1/ Le marteau et l’algorithme

Le narrateur, de retour du Changtang le haut-plateau tibétain qui s’étend du Ladakh à la province du Qinghai, fait une escale à Chengdu, capitale du Sichuan, avant de reprendre l’avion pour Paris. Dernier chapitre de la Panthère des neiges, dernier livre de Sylvain Tesson : « Nous atteignîmes le parc. La fête foraine était réussie. Les haut-parleurs pulsaient, la vapeur des beignets enveloppait les clignotements. Même Pinocchio aurait été dégoûté. Les panneaux n’omettaient pas d’afficher la propagande du Parti. Le peuple chinois avait perdu sur les deux tableaux. Politiquement il subissait la coercition socialiste. Economiquement il tournait dans la lessiveuse capitaliste.
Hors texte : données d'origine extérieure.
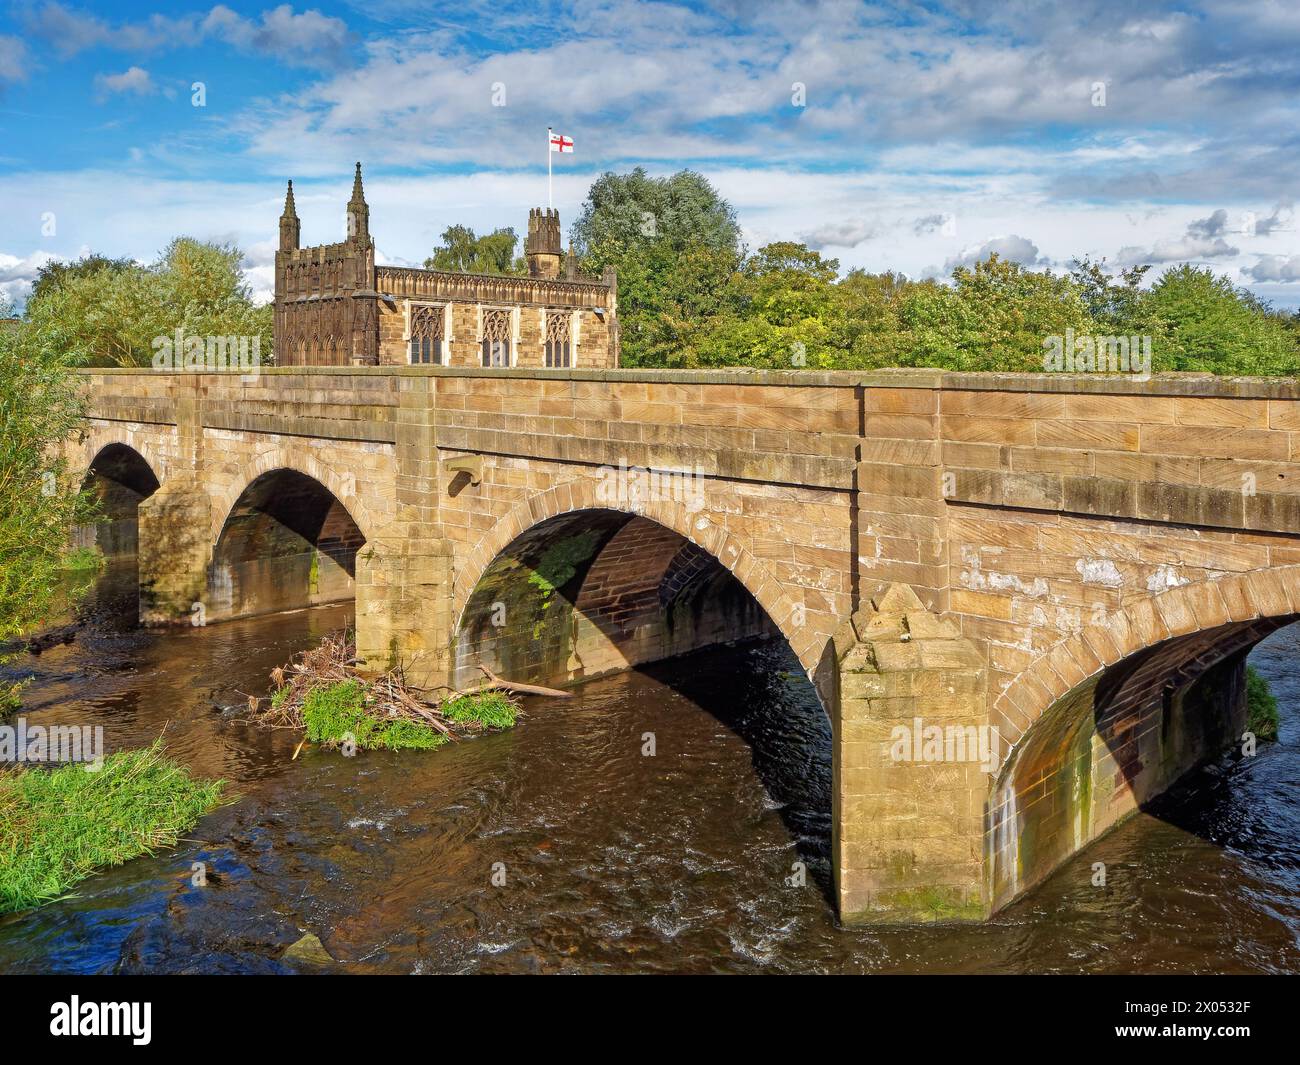 UK, West Yorkshire, Wakefield, Chantry Chapel of St Mary the Virgin & the Medieval Bridge over the River Calder. Stock Photo

Il était le dindon de la farce moderne, marteau et algorithme sur le fanion ».
L’auteur préfère les panthères des neiges aux dindons de la farce et les grands fauves des sommets en voie de disparition aux animaux de basse-cour. C’est son strict droit. Qui ne préfèrerait pas attendre à l’affût entre le lac Yaniugol et les monts Kunlun un félin sublime d’élégance et de volupté à la contemplation d’une pintade dans un élevage industriel breton ? Mais un peu de compassion et de considération pour les dindons ne nuirait pas à la grandeur d’âme de l’écrivain voyageur qui a forgé la sienne avec Héraclite et Lao-tseu, William Blake et Victor Hugo, Hölderlin et Heidegger, Homère et Melville, le Livre des morts tibétains et la Bhagavad Gita. Que la Chine soit un régime socialiste autoritaire nous le savions déjà, que les Chinois tournent dans la grande lessiveuse de la consommation, nous en avons chaque jour des preuves plus éclatantes. La dernière en date ? Les 38 mds de dollars récoltés par les plateformes commerciales du groupe Alibaba pour la seule Fête des Célibataires le 11 novembre dernier.
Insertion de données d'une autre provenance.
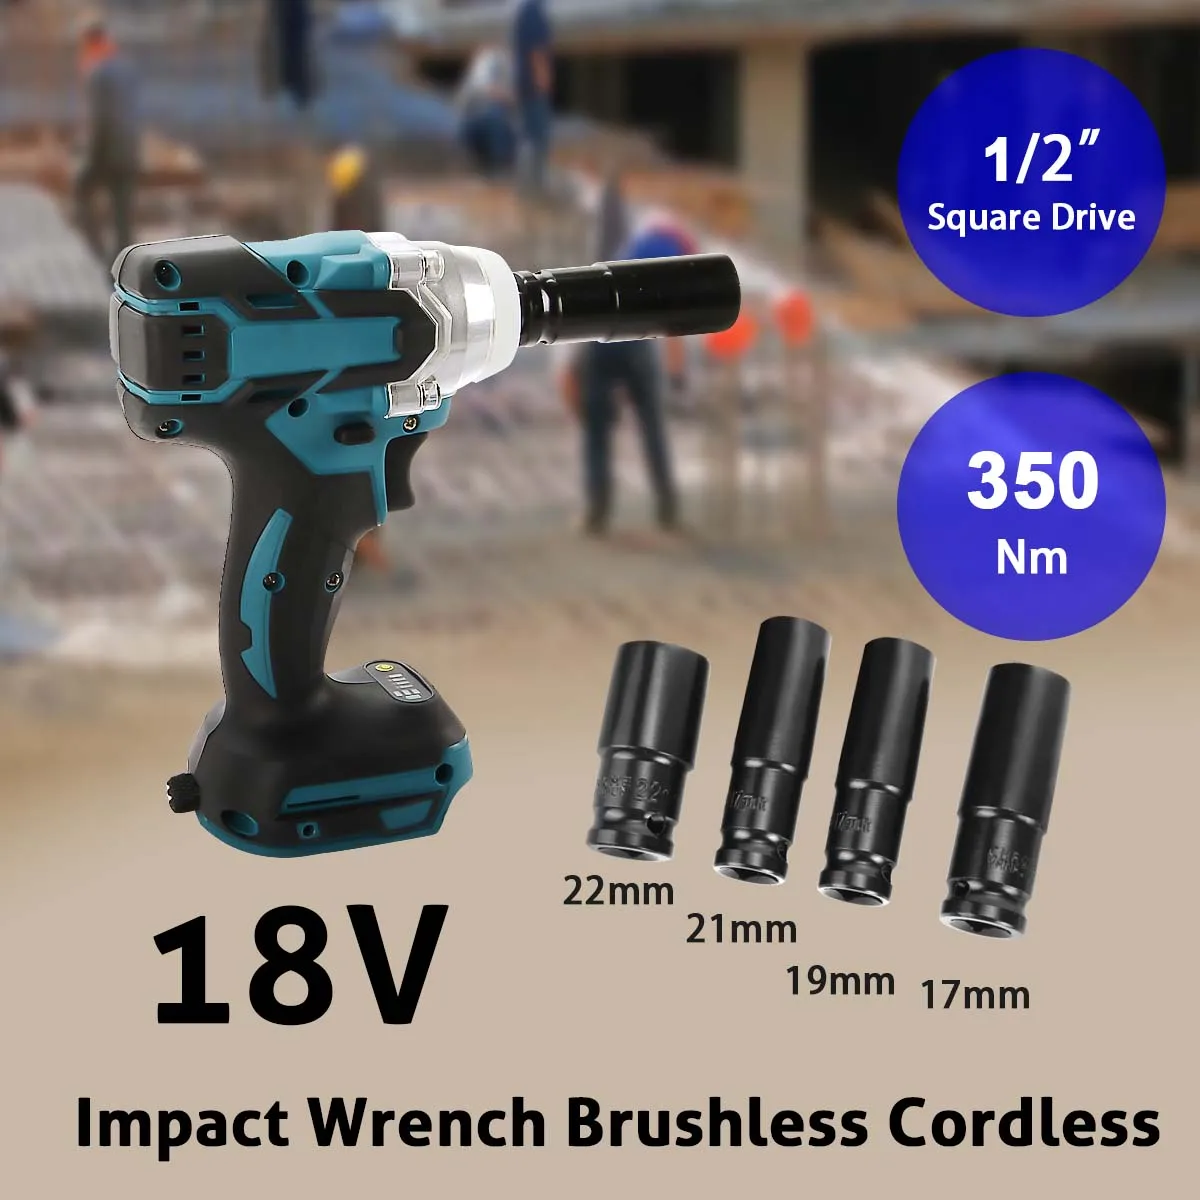 Brushless Impact Wrench 18V Electric Cordless Wrench 350N.m Torque 1/2 inch Socket Screwdriver Household Repair Power Tool

Les formules chez Sylvain Tesson claquent et balancent mais ne nous apprennent pas grand-chose de nouveau, pire même, en cultivant les préjugés, elles les transforment en postulats. C’est le propre des formules, des phrases qui sont écrites pour faire de l’effet plus que pour faire réfléchir, imaginer ou rêver. Elles brillent de leur excès, séduisent par leur outrance, s’abîment dans leur propre image. Comment prouver que le peuple chinois a perdu sur les deux tableaux, politiquement et économiquement ? Cette prétendue défaite est-elle définitive ? Qui sait ce que pense le peuple chinois ? Qui peut parler en son nom ? Ne se comporte-t-il pas, au contraire, comme un peuple dont la confiance, l’honneur et la dignité ont été regonflés par la réussite économique ? Un peuple qui, tout à la joie de participer enfin au banquet des nations, semble momentanément oublieux de son idéal de liberté ?
Premier préjugé caché dans le style brillant de l’auteur qui revendique « la sombre fidélité pour les choses tombées » chère à Victor Hugo : le peuple chinois historiquement formé à la sujétion voire à la soumission successive aux dynasties féodales, aux puissances étrangères et aux appareils du parti communiste semble programmé pour subir désormais la loi du capitalisme orwellien de ses dirigeants. Second préjugé : le capitalisme détruit les âmes, ruine tout effort spirituel, asservit la nature, arraisonne techniquement le monde en éliminant systématiquement ses énigmes et ses beautés.
Troisième préjugé : il existe une alliance objective entre le marteau communiste qui assomme toute dissidence et l’algorithme qui contrôlera à terme tous les esprits, autrement dit entre l’idéologie et la science. En résumé : le peuple chinois est introuvable ( comme tous les peuples ? ), fiction inventée par le pouvoir qui le manipule et le trompe depuis des millénaires ; le capitalisme est un vampire qui suce le sang des hommes avec autant d’avidité que celui de la terre ; l’homme est un animal dominateur, impatient, arrogant et servile à la fois. Les formules de l’écrivain brillent mais rien ne bouge.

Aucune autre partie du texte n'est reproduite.